As Fianna Fáil and Fine Gael near coalition, all parties face calls for further climate action

The Green Party has flagged it is seeking for the next decade a yearly emissions cut of 7 per cent. File photograph: John Giles/PA Wire
The Green Party has flagged it is seeking for the next decade a yearly emissions cut of 7 per cent. File photograph: John Giles/PA Wire

Any party entering government formation talks with Fianna Fáil and Fine Gael should insist the State pursue actions to contain climate breakdown – and their bottom line should be cutting carbon emissions by 8 per cent a year, according to Oisín Coghlan, director of Friends of the Earth.

“We know from the UN we need to reduce our emissions by at least 8 per cent a year [up to 2030] and current plans fall far short of that,” he said.

He accused Fianna Fáil and Fine Gael of promising vaguely to do more on emissions but not promising enough to prevent climate breakdown. “They have given us no figures.
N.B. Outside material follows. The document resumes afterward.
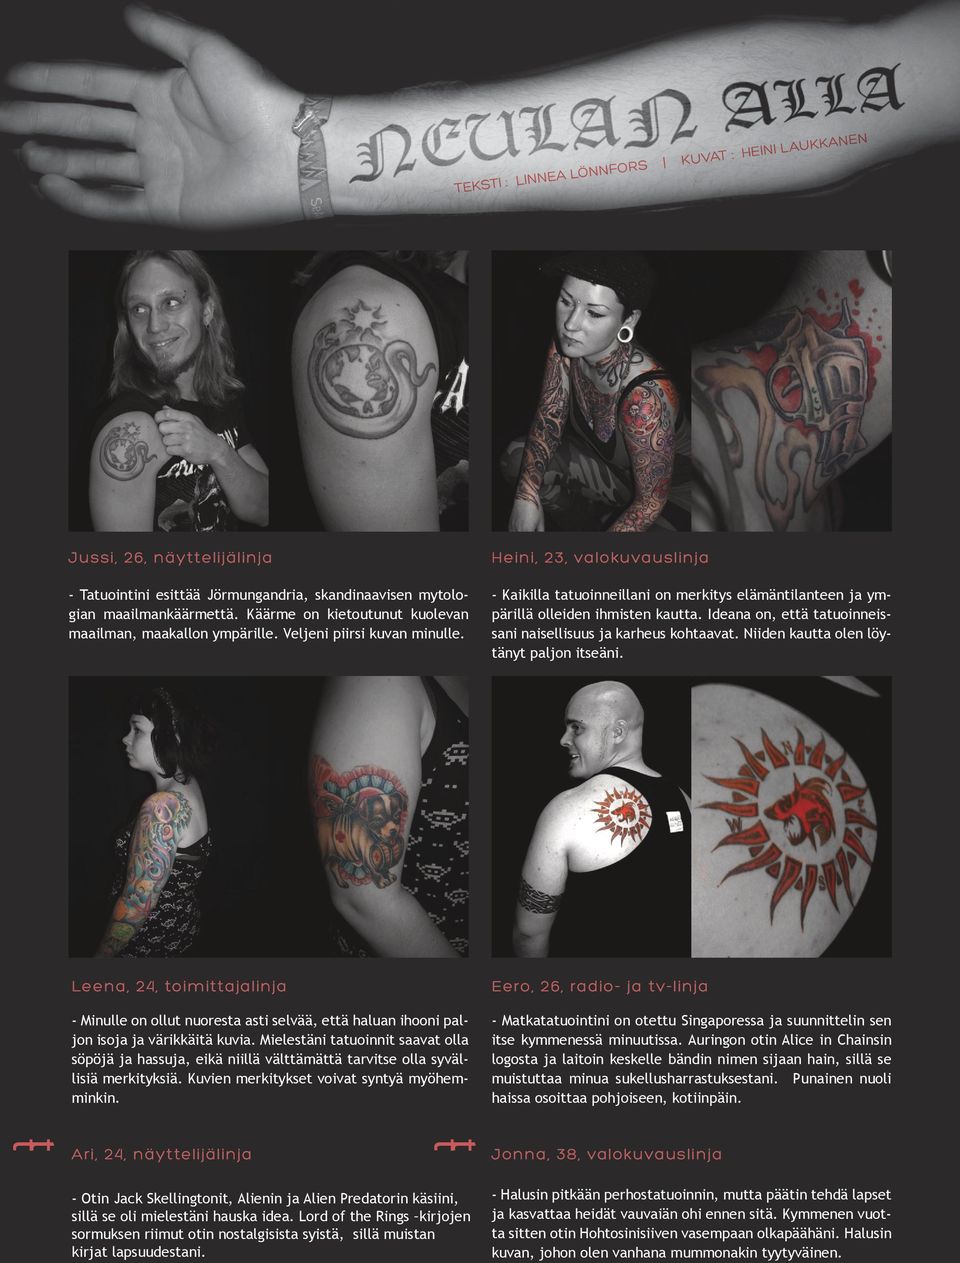 Heini, 23, valokuvauslinja - Kaikilla tatuoinneillani on merkitys elämäntilanteen ja ympärillä olleiden ihmisten kautta. Ideana on, että tatuoinneissani naisellisuus ja karheus kohtaavat.
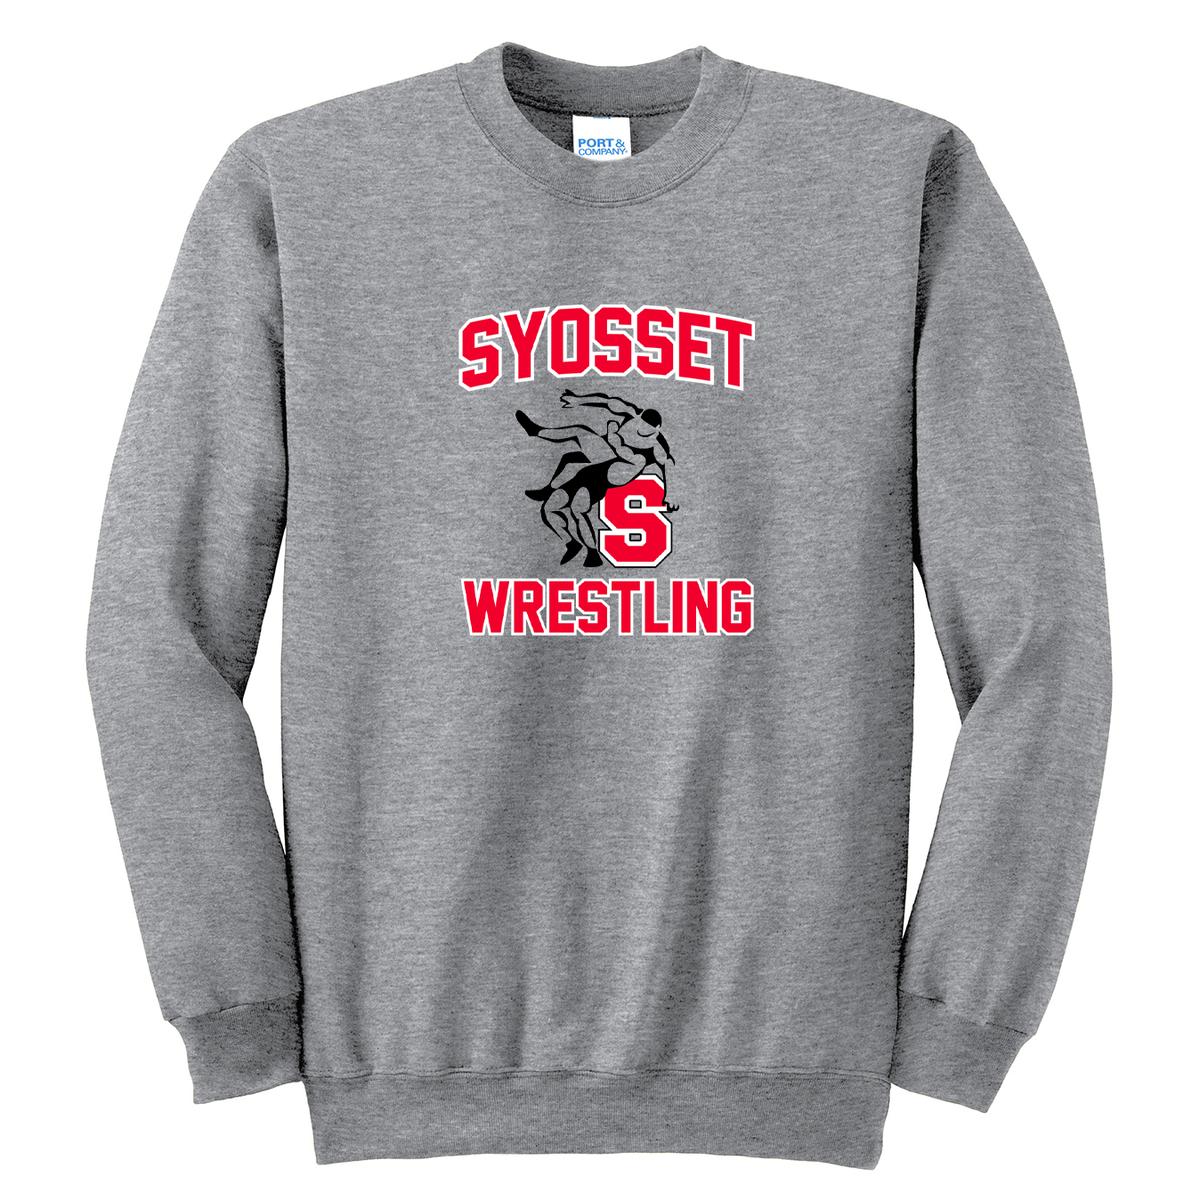 Syosset Wrestling Crew Neck Sweater

And they are not promising to pass the new climate law that all parties have already agreed to. It’s as if they are leaving all that for the smaller parties to propose in negotiations.”

Any of the smaller parties entering into talks with the larger parties must demand the State does its fair share to fulfil the Paris Agreement and that it enact a long-promised new climate law within the first 100 days of the Dáil being back up and running, Mr Coghlan said.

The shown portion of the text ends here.